Qual será o impacto desta intervenção no ambiente escolar? Sei do trauma com a ação dos militares desde a ditadura militar que reprimiu violentamente uma geração, porém quero acreditar que, hoje, sendo o princípio da intervenção militar o mesmo das UPPs, de retomar o território das mãos do crime organizado nas comunidades, haverá alguma esperança, agora com a experiência das Upps do passado a iluminar o presente.

 

Mas será preciso um enorme esforço para fazer com que o ambiente menos violento do entorno propicie uma mudança de cultura nas escolas, especialmente nas que se encontram nas zonas mais afetadas pelo tráfico. Todo o investimento possível e toda a inteligência deveria estar voltada para repensar a escola e apoiar os professores na difícil tarefa de educar jovens que não nasceram em berço de ouro.

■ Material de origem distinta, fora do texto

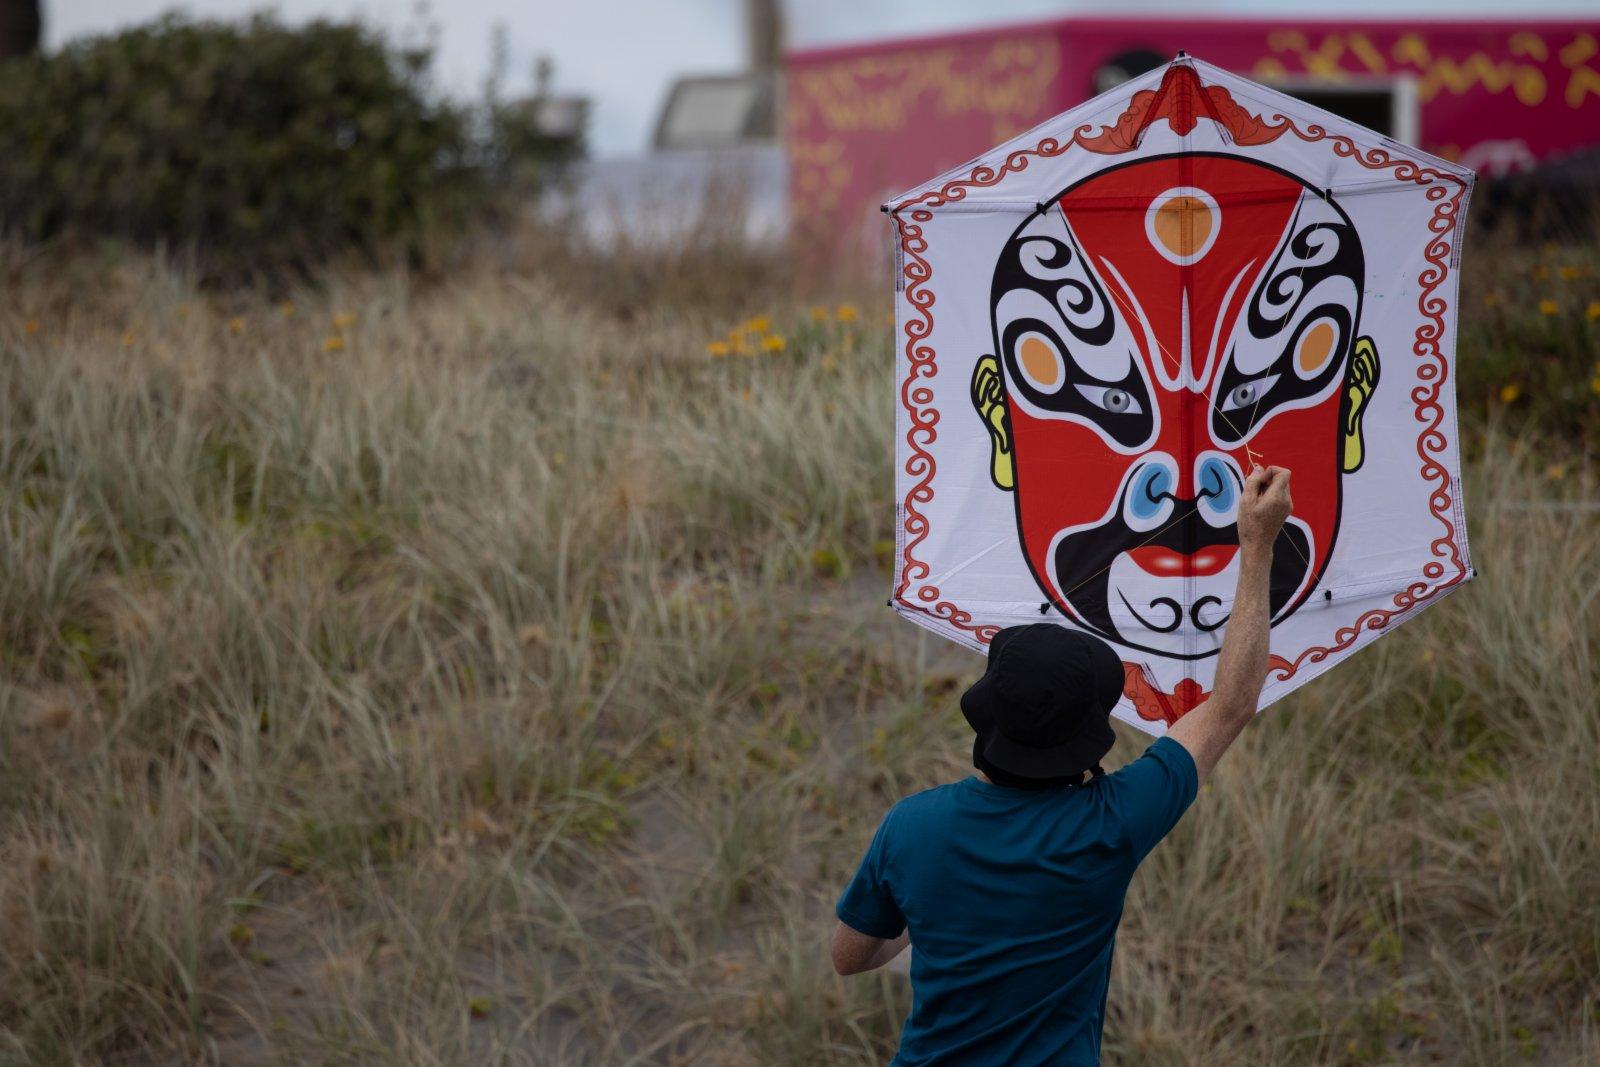 在新西蘭惠靈頓北部小鎮奧塔基的海灘上,一名男子準備放飛京劇臉譜元素風箏。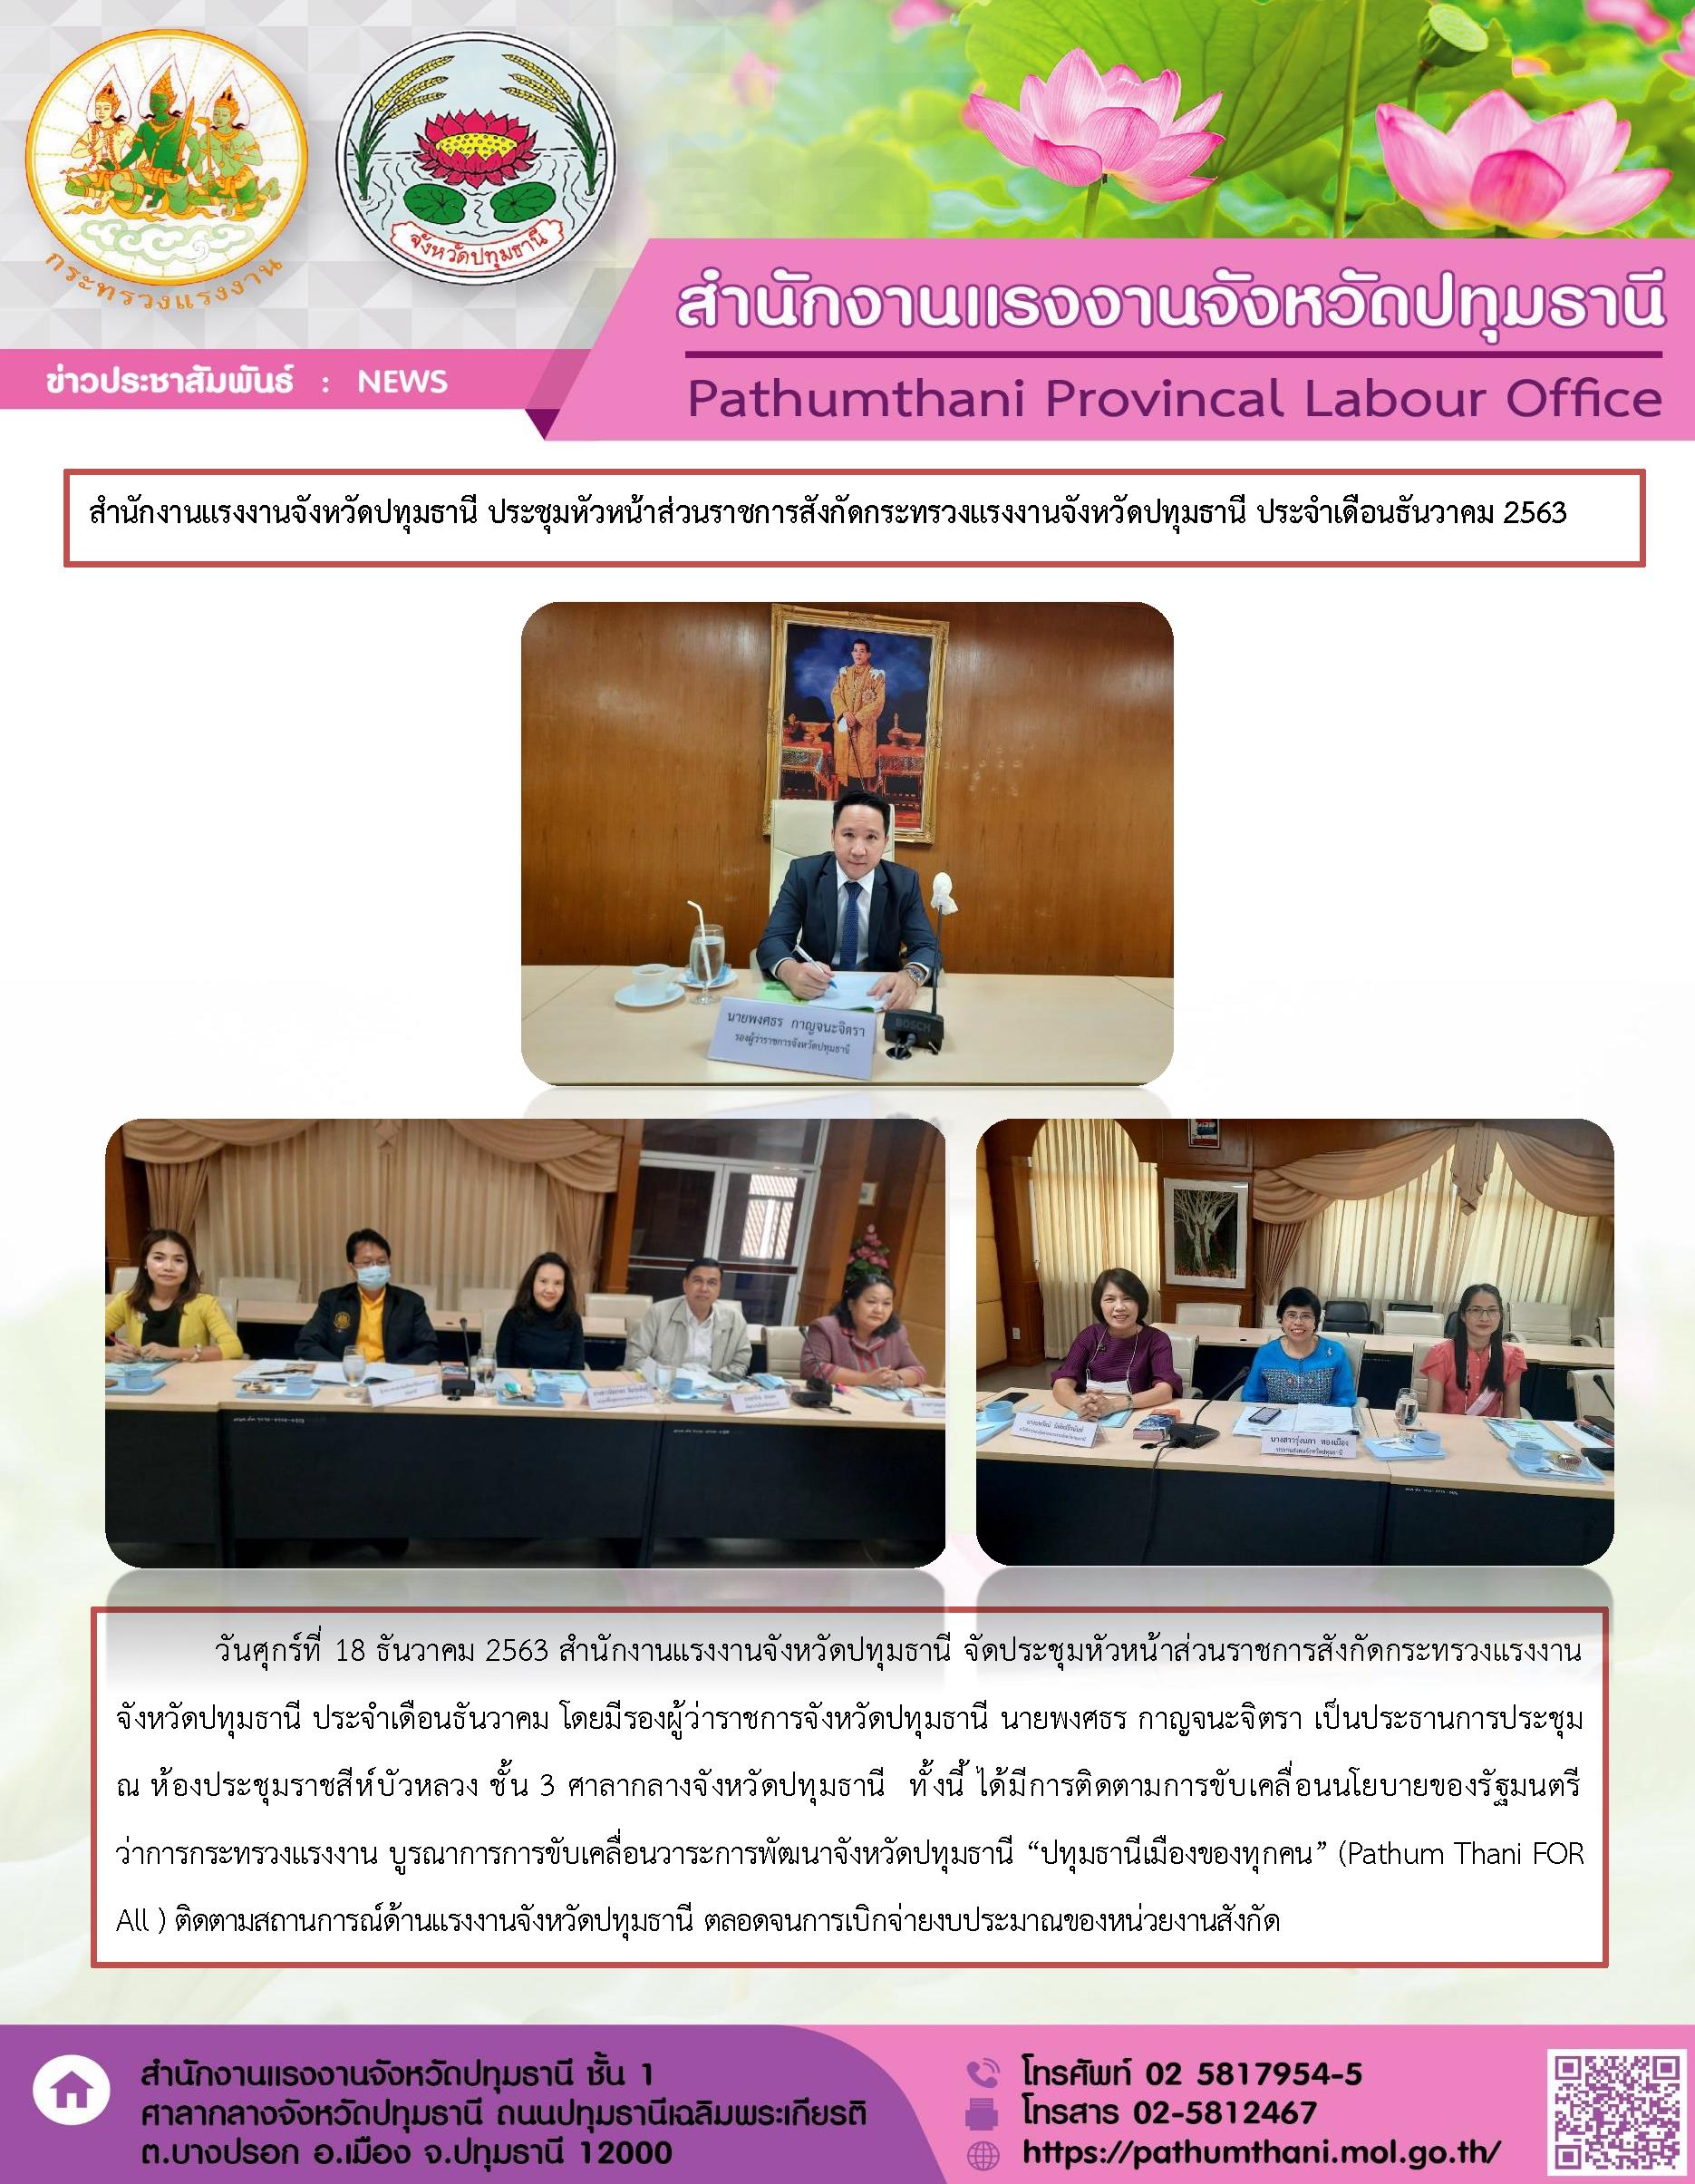 ประชุมหัวหน้าส่วนราชการสังกัดกระทรวงแรงงานจังหวัดปทุมธานี ประจำเดือนธันวาคม 2563

É preciso canalizar verbas para as escolas e atrair assim os estudantes e, sobretudo, investir em programas que ajudem a modificar os tradicionais rituais escolares que desestimulam os jovens com reprovações repetidas e o absenteísmo de professores. Tudo leva a crer que os responsáveis pela intervenção têm consciência disso, assim como tinha Beltrame.  

 

Será preciso muito empenho porque a escola ainda é de fato o locus da esperança desses milhares de brasileiros que querem ter uma vida melhor que a de seus pais, como repito há anos. Podem me acusar de ingênua, mas prefiro a ingenuidade ao cinismo ou a desesperança.